Hello! I've been working on some procedural low-poly terrain generation in my spare time. I generate a plane with random bumpy edges using an ArrayMesh, then extrude its vertices downward for some cliffs and upward for some grass along the edges. It's going pretty well!

When it's just one land mass, it looks perfect. However, if I generate a few landmasses and overlap them, there's one thing that bugs me: the grass along the edges extends just a little farther than I'd like.

This is because I'm just plopping each new land on top of the others. Grassy edges are generated last, so my current method is to check if each vertex is within the area of another land and then skip drawing the tris if it is. Of course, the problem with this is that each grass vertex isn't going to have its start and end points line up perfectly with the edge of another landmass, so the last grass it draws overshoots the corner.

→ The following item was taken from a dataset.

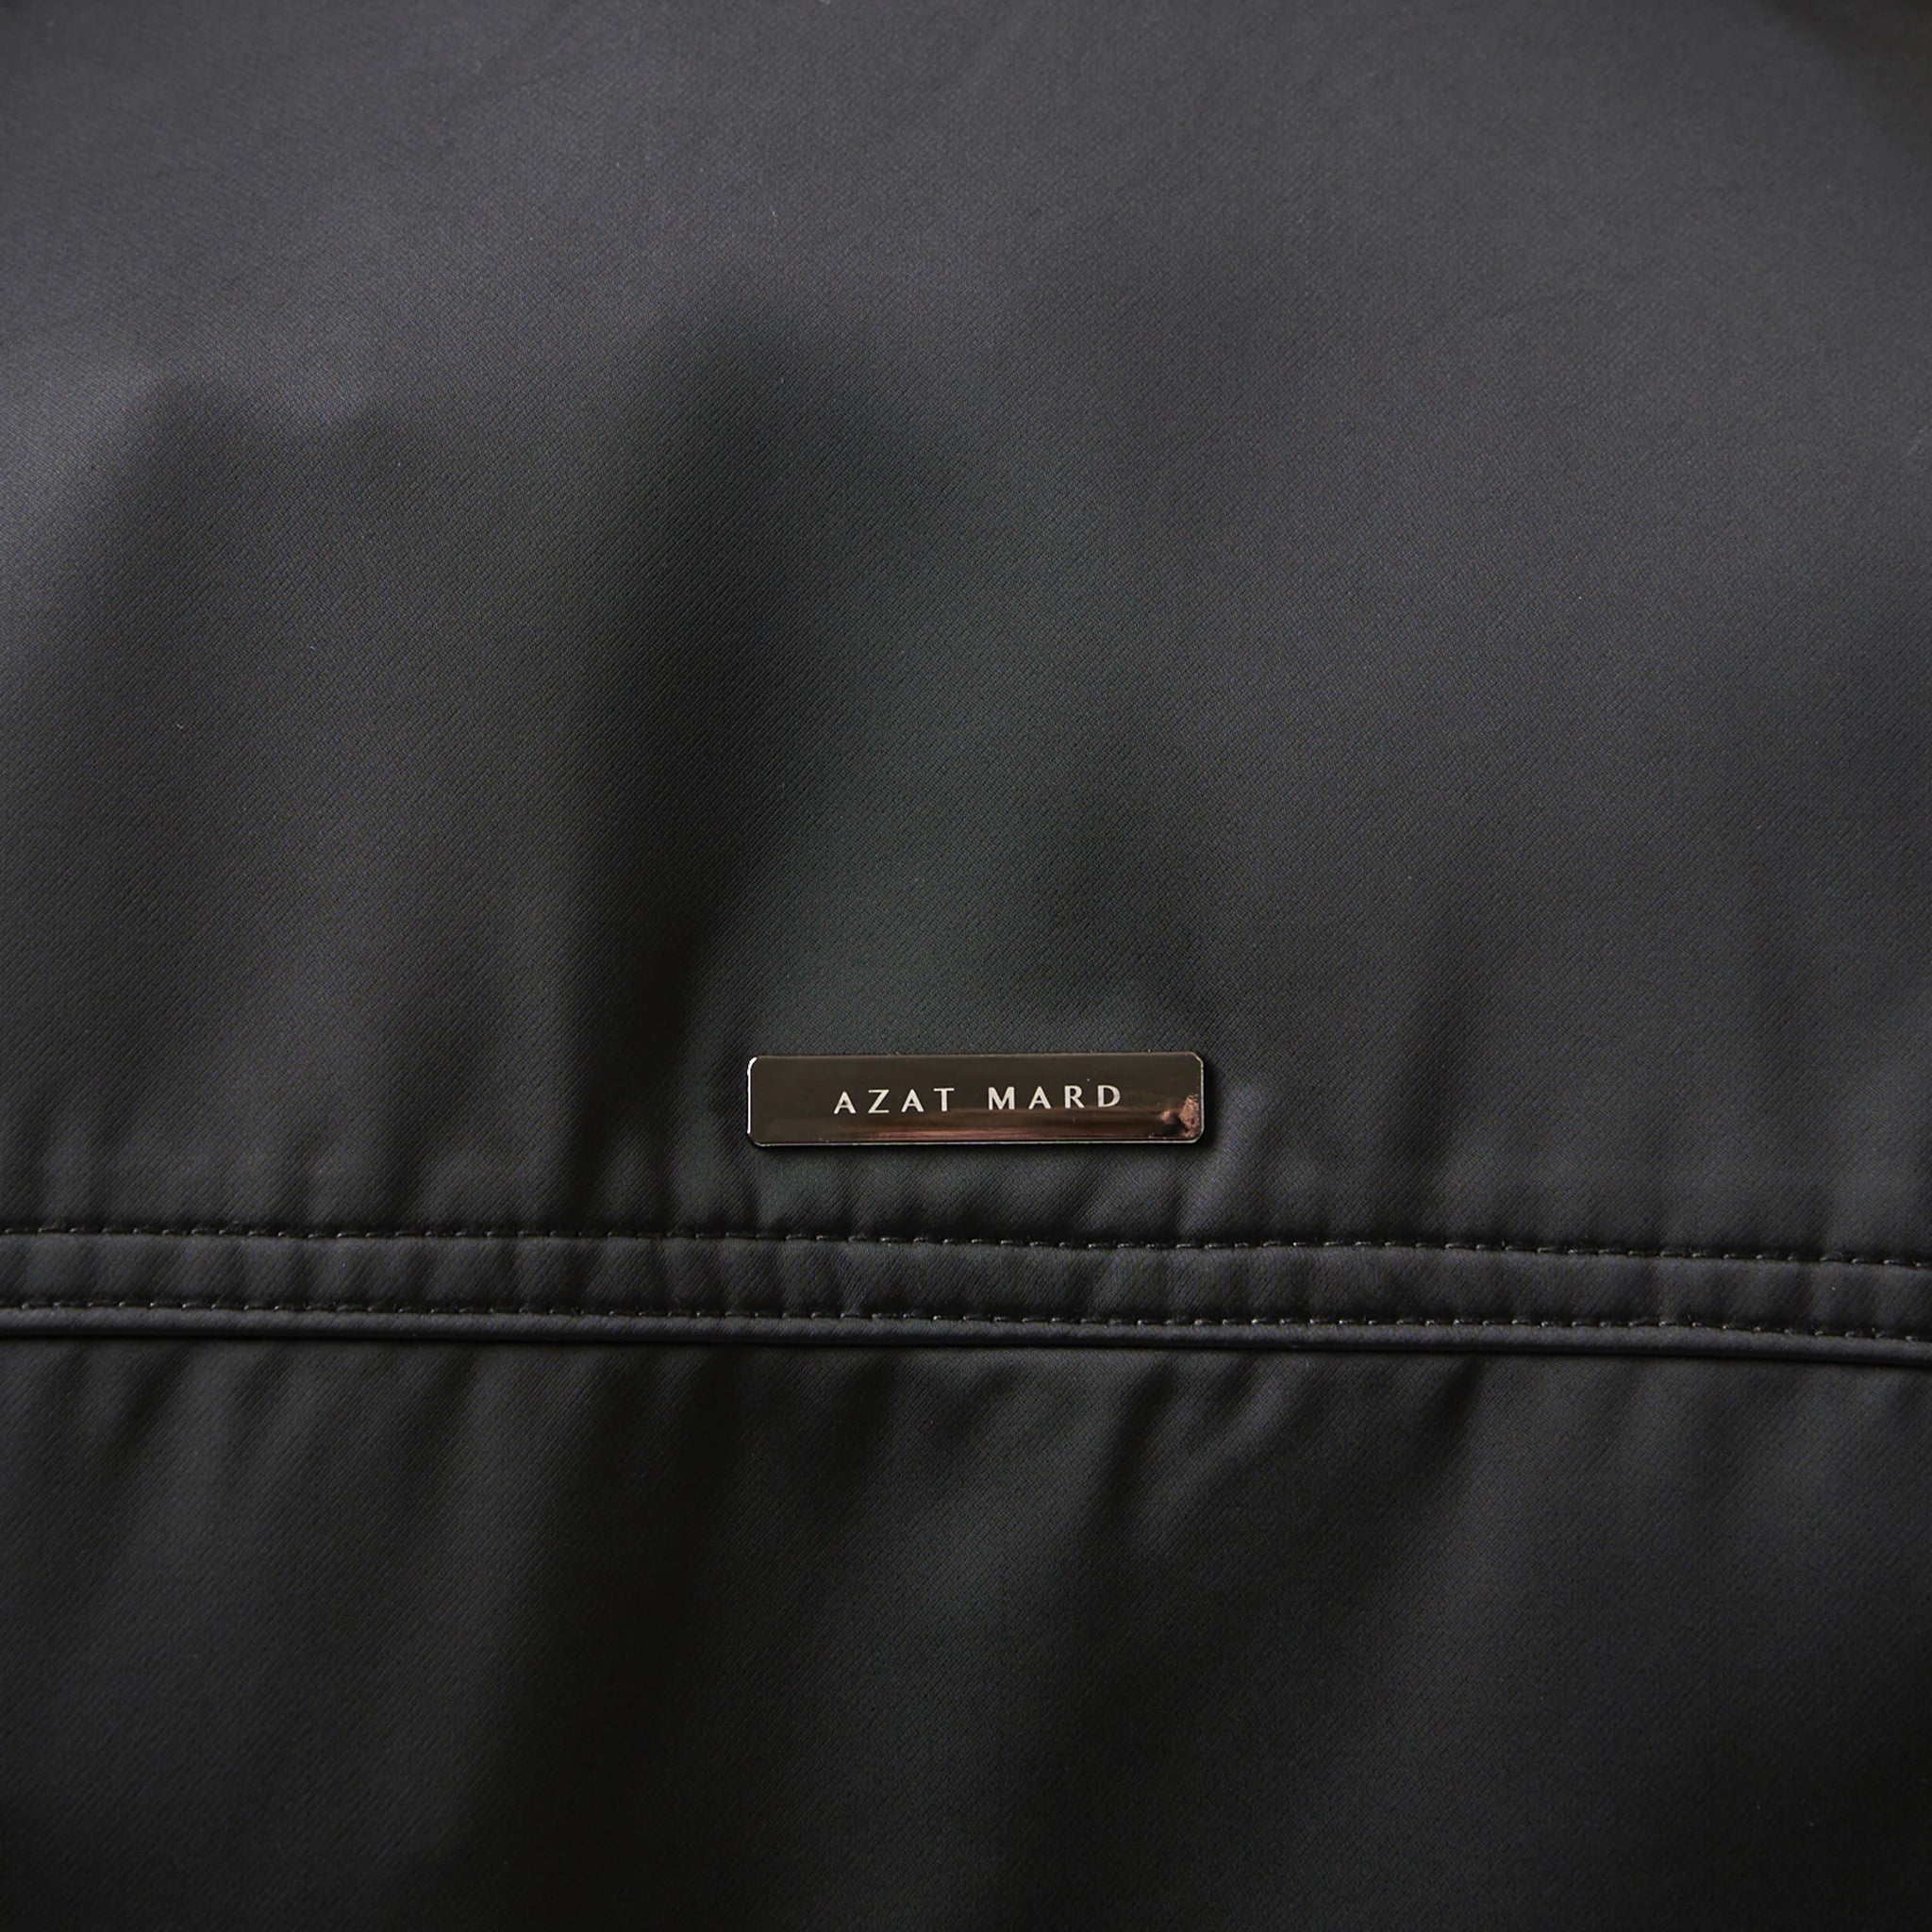 Plaque view of Azat Mard Nylon Les Gens Black Zipper Jacket

There are two solutions I could see to this problem, but I'm not sure if either is possible.
Question 1: Is it possible to merge two array meshes together via GDScript? If I didn't have the edges of each landmass passing through each other, I could skip having to check positions entirely and just extrude the edges upwards. I'm pretty new to 3D so I'm not entirely sure of the validity/logistics of this.
Question 2: Is it possible to subtract from the edge mesh? I've seen videos on CSG Boxes and Meshes being able to subtract from one another, but I'm not sure about a) more complex shapes, or b) its ability to work with procedural Array Meshes. I tried applying my code to a CSG Mesh, but it just closed Godot.
Any info on either approach, or some other solution I didn't think of, is greatly appreciated. If you need me to go into more detail on anything, let me know!